Education demands data. This isn’t just about lively debate; it requires educators to act as educational researchers, asking clear questions, designing robust data collection methods, and analyzing findings to draw reasonable conclusions. At the heart of this process lies the critical twin pillars of ethical data gathering and rigorous data validation. Only through these can we establish the “facts” necessary to transform raw data into information, knowledge, and ultimately, wisdom, thereby truly advancing educational practice.
Ethical Data Gathering: Respecting Every Participant
The responsibility of an educational researcher begins with an unwavering commitment to ethics. Whether conducting large-scale academic studies or localized action research to improve school practice, researchers must respect the subjects, the process, and the community. This professional duty translates into concrete actions:
Protecting subjects: Researchers must not endanger the physical or emotional health of subjects. Steps must be taken to ensure the privacy of subjects and to preserve their right to withdraw from the study without penalty. It’s crucial to remember that rewarding subjects for participating poses a threat to data validity and must be avoided.
Purposeful data collection: Ethical research necessitates gathering only the necessary data. This is vital because every piece of data collected from a population can influence subsequent data and subjects’ perceptions, potentially distorting future findings.
Oversight and review: For large-scale research, proposals are submitted to an institutional review board (IRB), which rigorously vets methods to ensure ethical conduct and data necessity before any collection begins. While action researchers in local settings may not have access to an IRB, they are well-advised to seek review from knowledgeable outsiders to ensure their methods are appropriate and ethical. Furthermore, evaluative research, highly relevant to progressive discourse, must be of relevance to the community and conducted in an efficacious manner to provide valid data.
Validating Data: Transforming Observations into Established Facts
Once data is ethically gathered, its utility for progressive discourse hinges on its quality and validation. For conclusions to move beyond tentative observations and become established facts, educators must meticulously assess research quality.

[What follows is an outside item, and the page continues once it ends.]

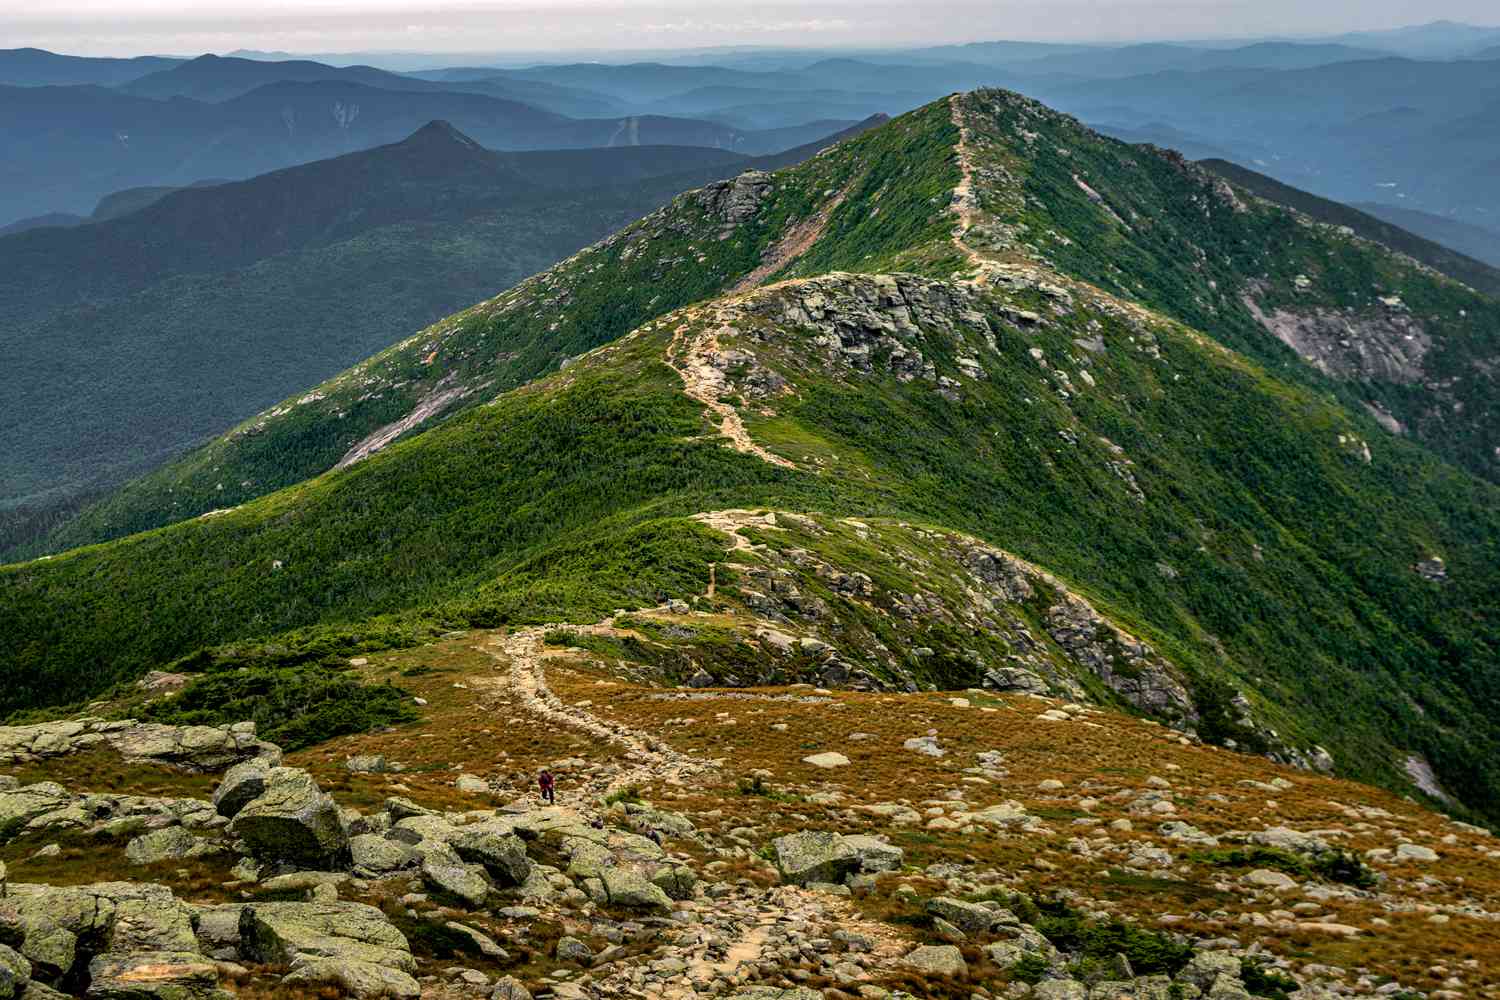 3 Teens Among Group of Hikers Rescued from N.H. Mountain Trail, Officials Say: 'Dangerous Decision'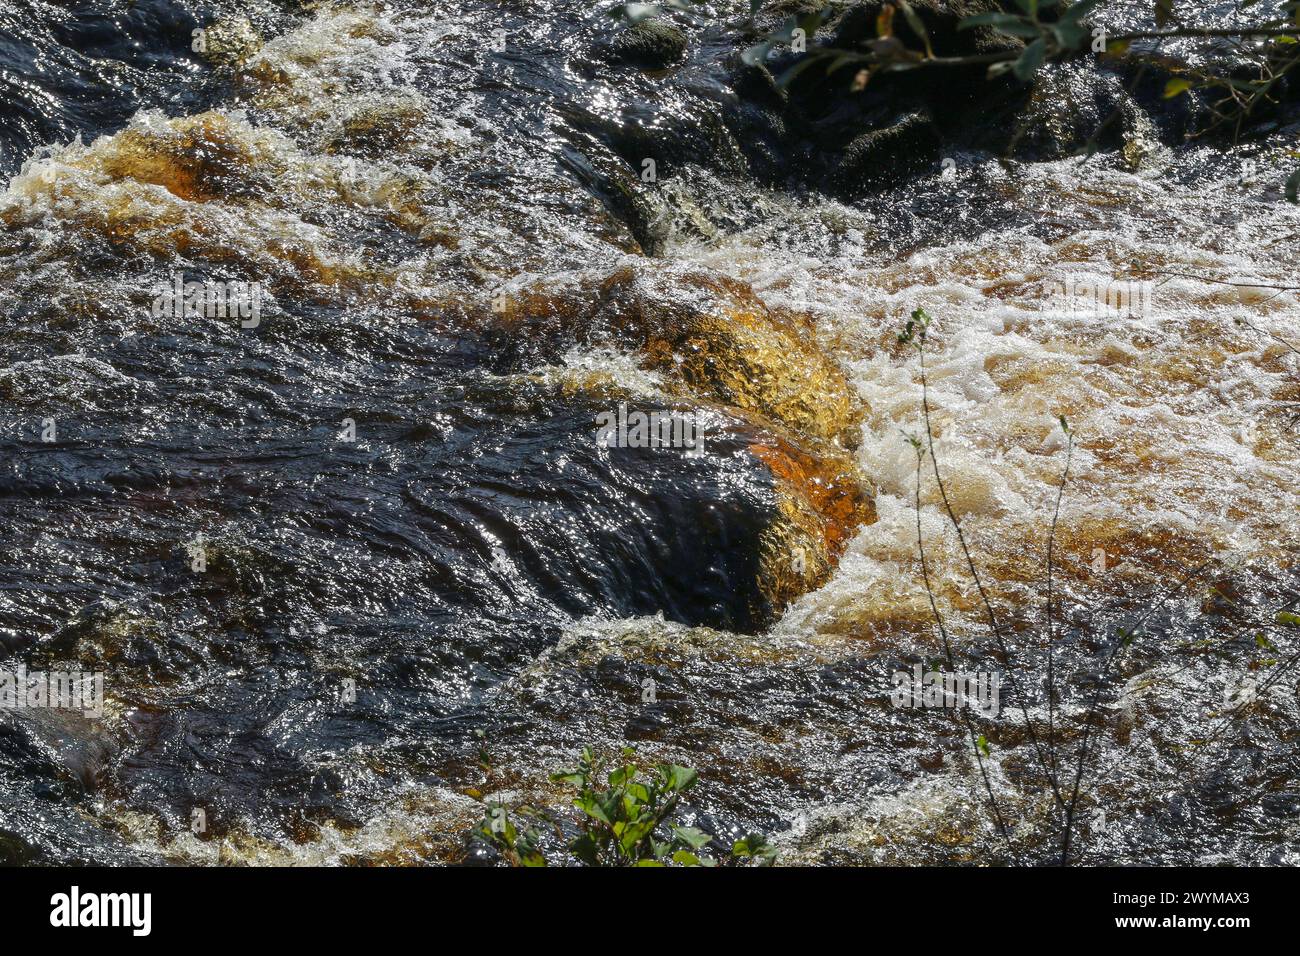 Peat river Ireland, peat-coloured water in River Glen a spate river south-west Donegal near Teelin. Stock Photo

Different problems require different data and, consequently, different methods.
Quantitative methods gather numeric data, analyzed statistically to describe populations or test hypotheses89. This includes using descriptive statistics (like means) to compare group performance or inferential statistics to establish correlations9. Tools include questionnaires, surveys, checklists, inventories, and scales.
Qualitative methods gather narrative data, which are interpreted to elucidate hypotheses8. They are particularly suited for “wicked problems” where understanding participants’ perspectives and experiences is key. The language subjects use is a rich source of data, and methods like interviews (individual and group), observation protocols, and document analysis are common. Qualitative data is often presented as themes or in case studies.
Assessing the quality of research varies based on the methodology:
For quantitative research, professionals consider:
- Internal validity: Identifying a real effect, not an extraneous one.
- External validity: The ability to observe the effect in other populations.
- Reliability: The ability for other researchers to observe the effect using different tools.
- Objectivity: Ensuring unbiased research conduct.
For qualitative research, quality is assessed using terms like:
- Credibility: Thoroughly describing phenomena.
- Transferability: Observations can be made in other populations.
- Dependability: Thoroughly describing methods.
- Confirmability: Replacing objectivity with a focus on confirming findings.
Regardless of the methods used, researchers seek to confirm their observations through triangulation. If the same conclusion can be reached by three different measures and methods, the hypothesis gains strong support. In the context of progressive discourse, if at least three threads of evidence support a clarification or improvement of a conceptual artifact, it can legitimately become the fact upon which future discourse is built. Just as academic researchers seek multiple data sources, facts supporting decisions in progressive discourse also demand multiple sources of evidence.
By embracing these rigorous ethical and validation practices, educational researchers empower progressive discourse to move beyond speculation, grounding improvements in curriculum and instruction in robust, verifiable facts.